We caught up with FOH engineer Sean ‘Sully’ Sullivan behind the mixing desk of Red Hot Chili Peppers’ 2017 Getaway World Tour, to find out about his #1 goal when mixing the legendary band and which mixing tools help him get there.
Justin Timberlake, Norah Jones, Beck, Rihanna, Beastie Boys and Sheryl Crow are just some of the top acts FOH engineer Sean ‘Sully’ Sullivan has mixed live over the years. We asked Sully to share with us his goals, gear and workflow touring with Red Hot Chili Peppers for the better part of 2017.
Sully, to what degree do you strive to recreate Red Hot Chili Peppers’ original recorded sound when you mix them in concert?
I don’t feel pressure to convey what the albums sound like; I just use that as a reference to base my live mixes on. Bands rarely play exactly like the records, or rarely use the exact instruments or amps that were used on their records, and that’s true about the RHCP too. But I do reference the records for overall vibe and use of effects. If the record is dry, then the live show is dry. If there are specific delays on certain words, then yes – I will mock that stuff to a tee. Mixing live with plugins enables me to do that.
What’s your setup for this tour?
An Avid 32D S6L console with a MADI-192 card and no outboard gear; L’Acoustics K1/K2 PA with KS28 subs; Dolby Lake DLP for AES and analog back of PA drive. In addition, I have the Waves MultiRack SoundGrid plugin host running on a Mac Mini, plus two Waves Extreme SoundGrid servers (one for backup).
What is your basic workflow prior to each show?
I record everything and work at my own pace when no one is around via virtual soundcheck. I use the recording of the last show we did to listen to through the PA. I typically put a section of a song in loop playback, and once I’m happy with how it sounds at the FOH position I will go listen to it from several spots in the venue, tweaking until I’m satisfied.
Which plugins are your go-to’s?
For vocals on Anthony Kiedis, it’s first and foremost the C6 Multiband Compressor, which is great for dealing with tonality changes resulting from how Anthony – or any singer for that matter – is using their mic. Then the Waves Doubler with a preset of 2/4, used on an aux bus for vocal doubling.
For delay and reverb, my must-have effects are the H-Series plugins: H-Delay, which I use on an aux bus for doubling and throw type delays, and H-Reverb, which I use on an aux bus for vocal effects as well as drum effects.
I always insert the Primary Source Expander plugin on vocals to control the bleed from the PA and other instruments.

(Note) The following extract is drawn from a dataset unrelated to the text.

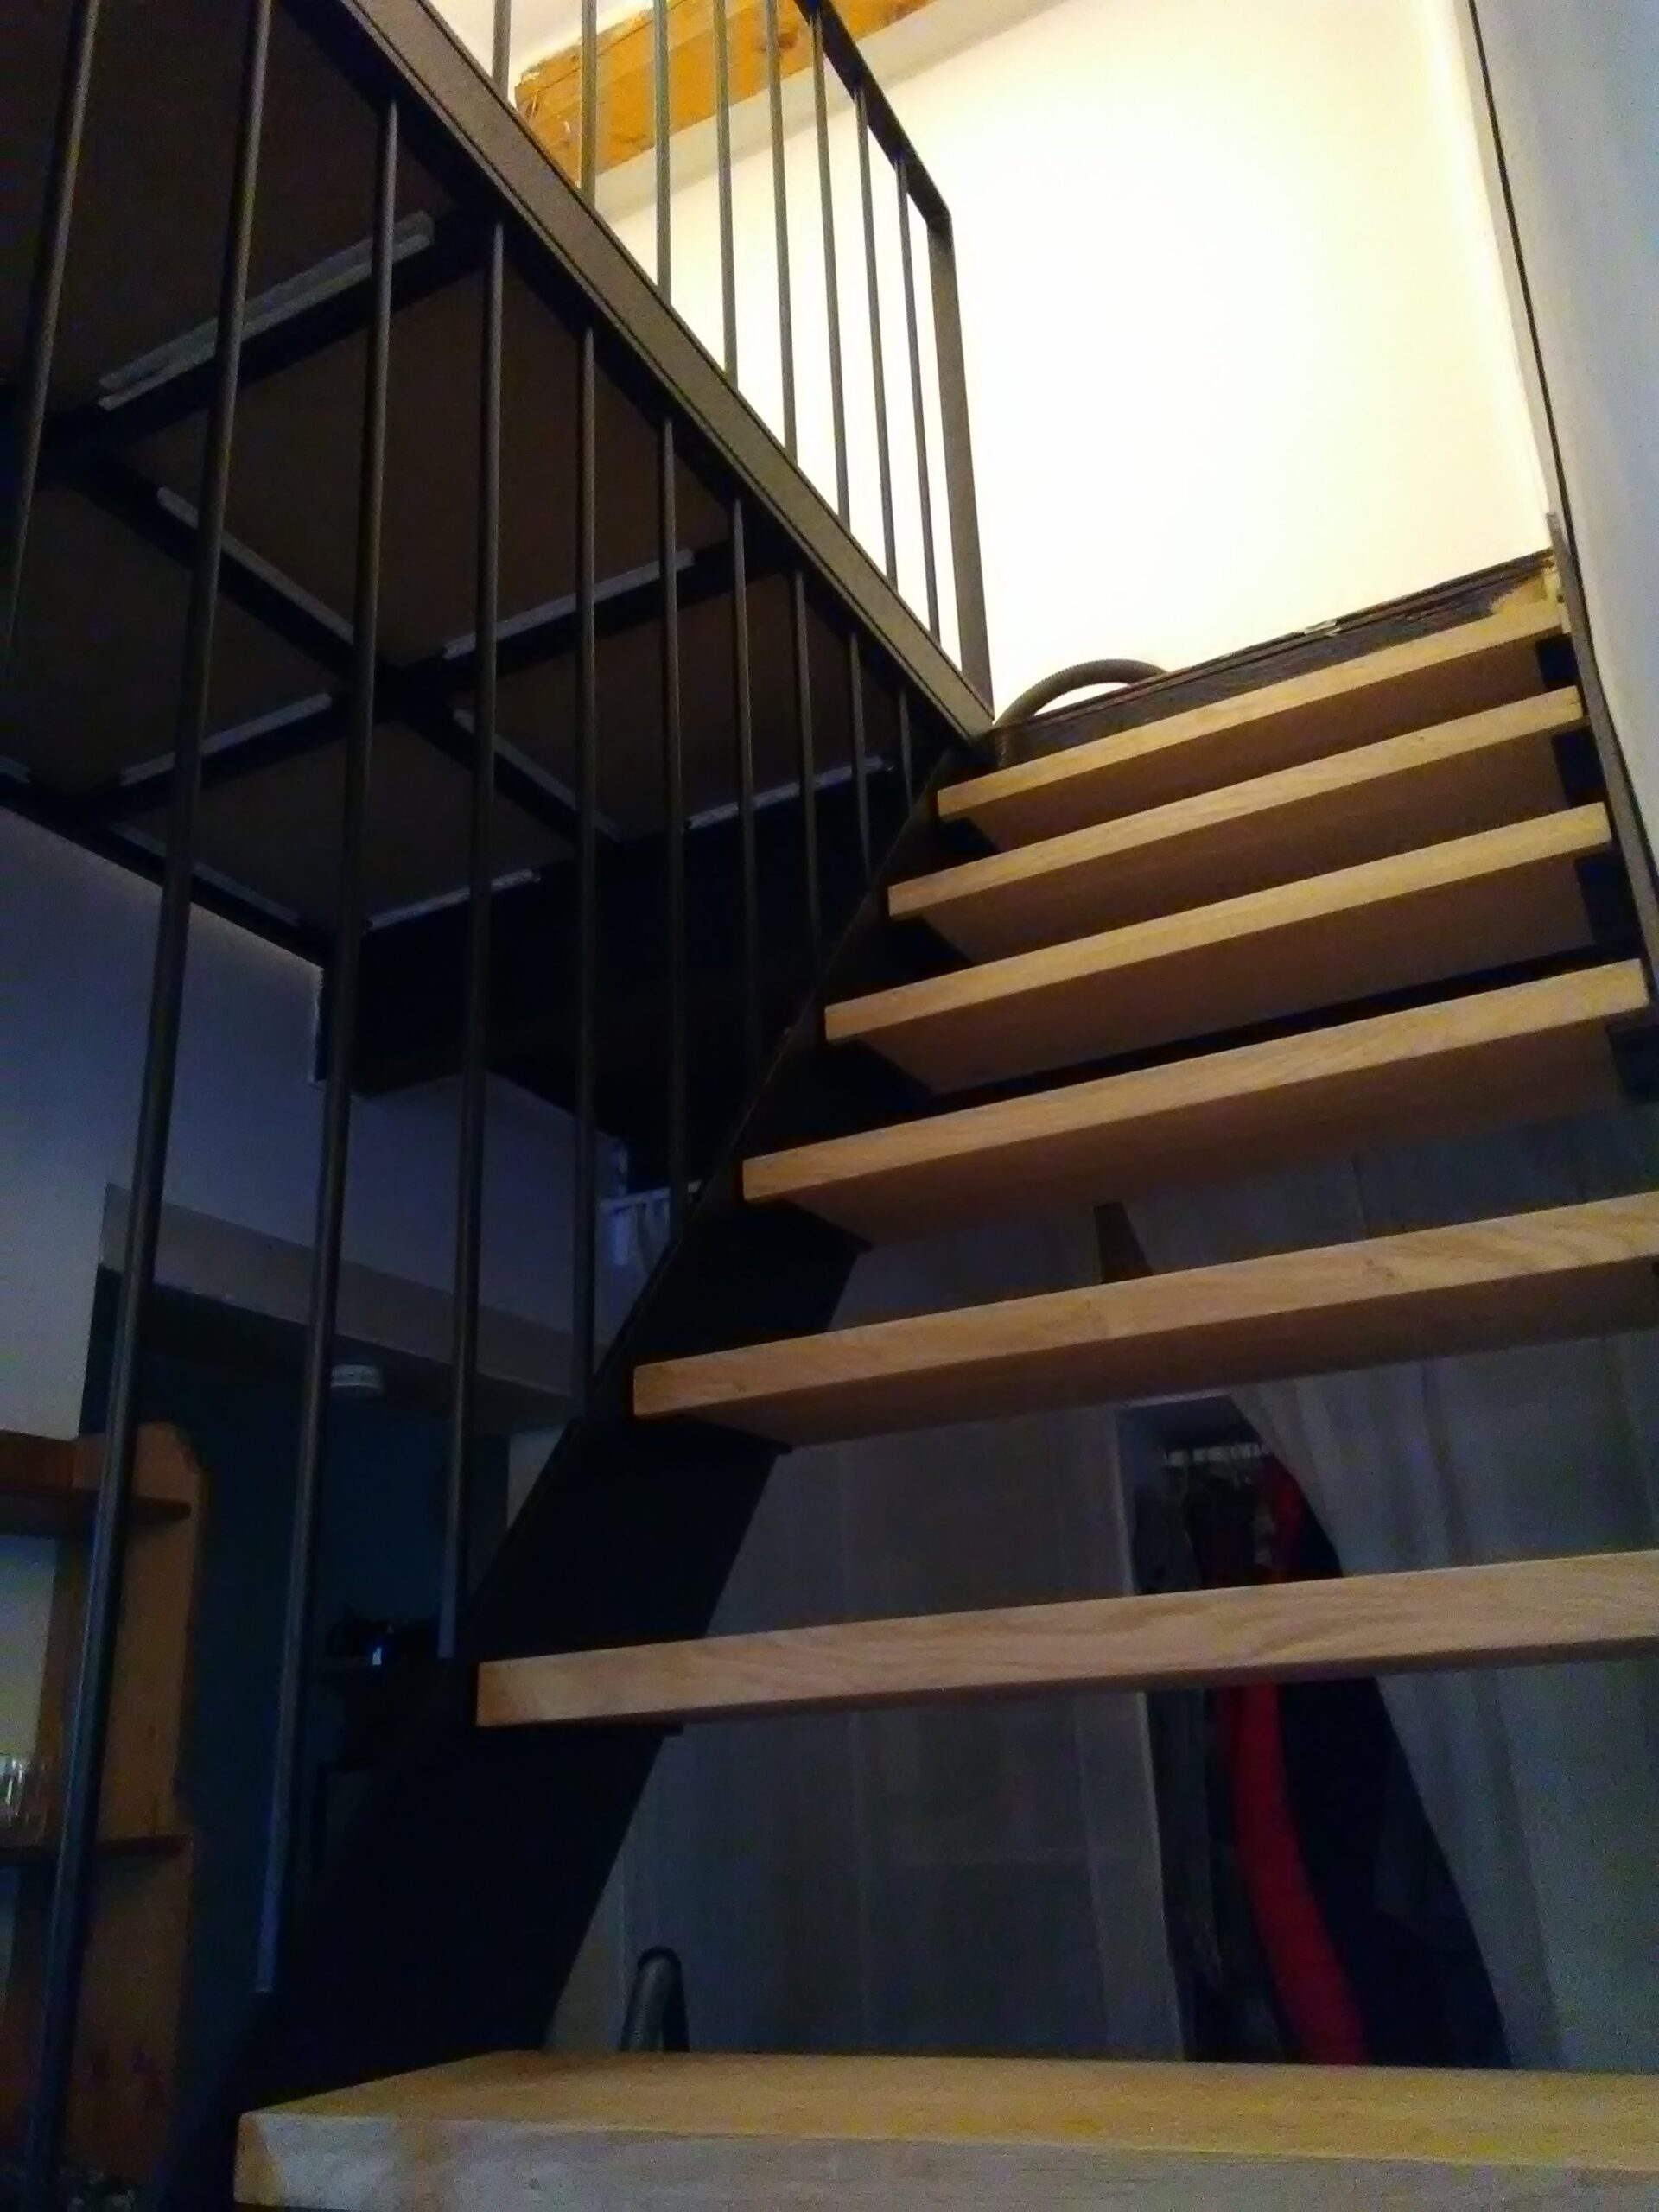 https://www.mon-artisan-ferronnier.com/wp-content/uploads/2021/04/escalier18-scaled.jpeg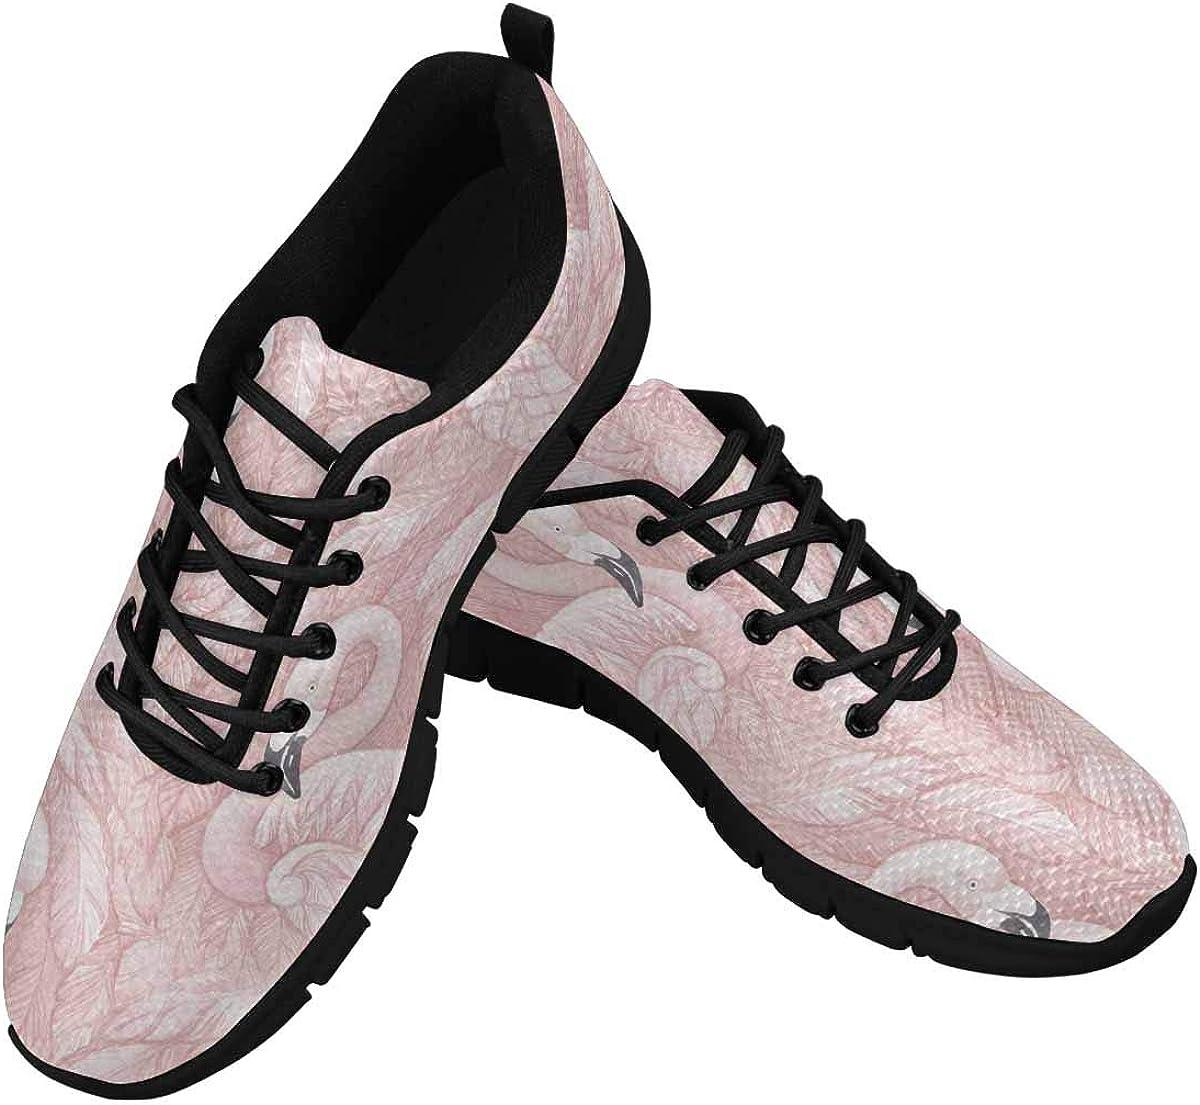 INTERESTPRINT Pink Flamingo Lightweight Mesh Breathable Sneakers for Women

It also works as a great vocal expander and keeps the mics clean without the hard opening and closing of gates.
The PS22 Stereo Maker plugin is also indispensable to me. I use it with Red Hot Chili Peppers and with every single artist I tour with. It makes guitars sound real! I insert it on my guitar group to make guitars sound spread out and natural without adding delay or ambience. The PS22 also creates a nice bit of space, in that it makes room for the vocal to sit in the middle.
Finally, for processing Flea’s bass guitar, an important plugin for me is Bass Rider, which frees me from having to constantly balance the bass. At the same time, it’s also doing the work of a compressor, but without the unwanted artifacts you sometimes get using ordinary compression.
Red Hot Chili Peppers songs feature a lot of rapping by Anthony Kiedis and what you might describe as half-spoken, half-sung vocals. How do you go about getting those types of vocal deliveries clear and audible?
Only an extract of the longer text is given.